Riders in the Sky are exceptional in that their music is of superlative standards (they are the ONLY exclusively Western artists to have won a Grammy, and Riders has won two).
That Riders in the Sky was even formed is a feat of improbable likelihood. What are the odds that a theoretical plasma physicist, a wildlife manager - galvanizer - Life Scout, an English major - shot putter - Bluegrass Boy, and a Polka Hall of Fame member would collectively become “America’s Favorite Cowboys?”
And even more unlikely is that 30-plus years later, the original members are still “bringing good beef to hungry people”!

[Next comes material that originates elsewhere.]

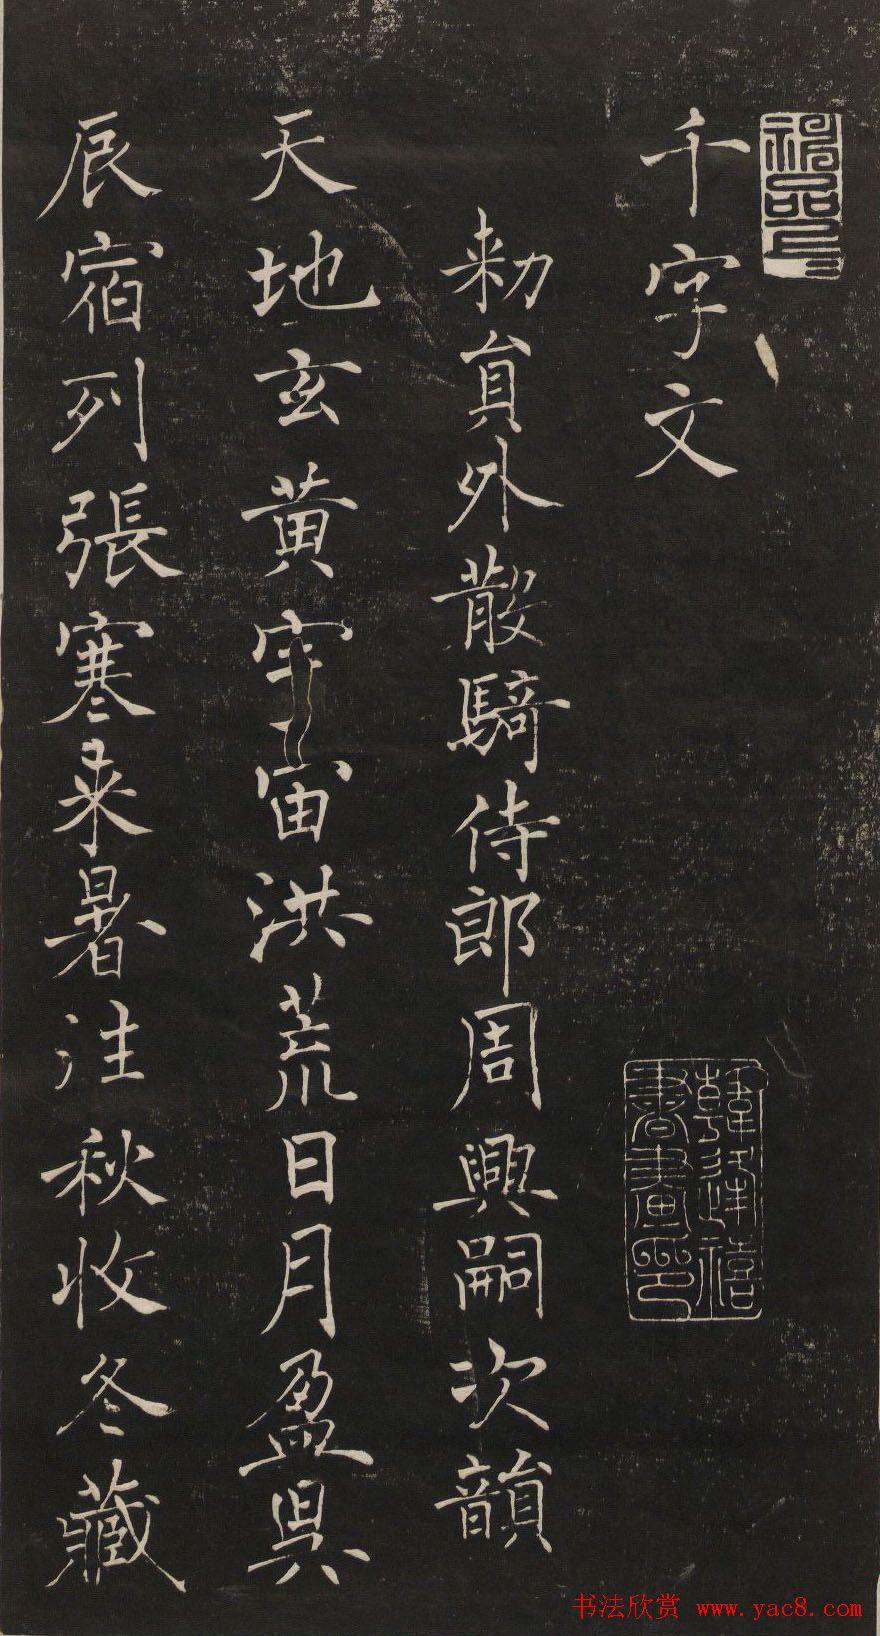 莲池书院法帖第一册《褚遂良千字文》

As a classic cowboy quartet, the trail has led them to heights they could have never predicted. Riders have chalked up over 6,100 concert appearances in all 50 states and ten countries, appearing in venues everywhere from the Nashville National Guard Armory to Carnegie Hall, and from county fairs to the Hollywood Bowl.
Their cowboy charisma and comedic flair made them naturals for TV, and landed them their own weekly show on TNN, as well as a Saturday morning series on CBS. They have been guests on countless TV specials, documentaries and variety shows.
The animated character that history will most certainly link to Riders in the Sky is the loveable cowboy Woody, as Riders performed “Woody’s Round Up” in “Toy Story 2,” with the album of the same name garnering Riders their first Grammy Award in 2001 for “Best Musical Album for Children.”
Two years later, Riders roped their second Grammy in the same category, for “Monsters Inc. - Scream Factory Favorites,” the companion CD to Pixar’s award winning movie.
In 1982, Riders in the Sky became the first, and to date only, exclusively Western music artists to join the Grand Ole Opry, the longest running radio show in history.
In 1988, they recorded comedy skits for the album “Riders Radio Theatre” and launched the long-running international weekly radio show of the same name on public radio.
Riders in the Sky’s music and comedy delights cowboys and cowgirls of all ages, and from all walks of life. Riders are equally at ease amusing a theatre full of children as they are enthralling a symphony audience accompanied by 50 or 60 classically trained instrumentalists, or even an NCO club full of servicemen during a USO Tour.
In addition to being inducted into the Grand Ole Opry, Riders is in the Western Music Association’s Hall of Fame, the Country Music Foundation’s Walkway of Stars, and the Walk of Western Stars.
Riders has been the Western Music Association’s “Entertainers Of the Year” seven times, and won “Traditional Group of the Year” and “Traditional Album of the Year” multiple times.
The Academy of Western Artists named them “Western Music Group of the Year” twice in five years, and the National Cowboy and Western Heritage Museum has bestowed Riders with their Wrangler Award statuette three times.
It would be “The Easy Way” to call it a career after 30-plus years, but America’s Favorite Cowboys are ready to saddle up and ride into Monticello.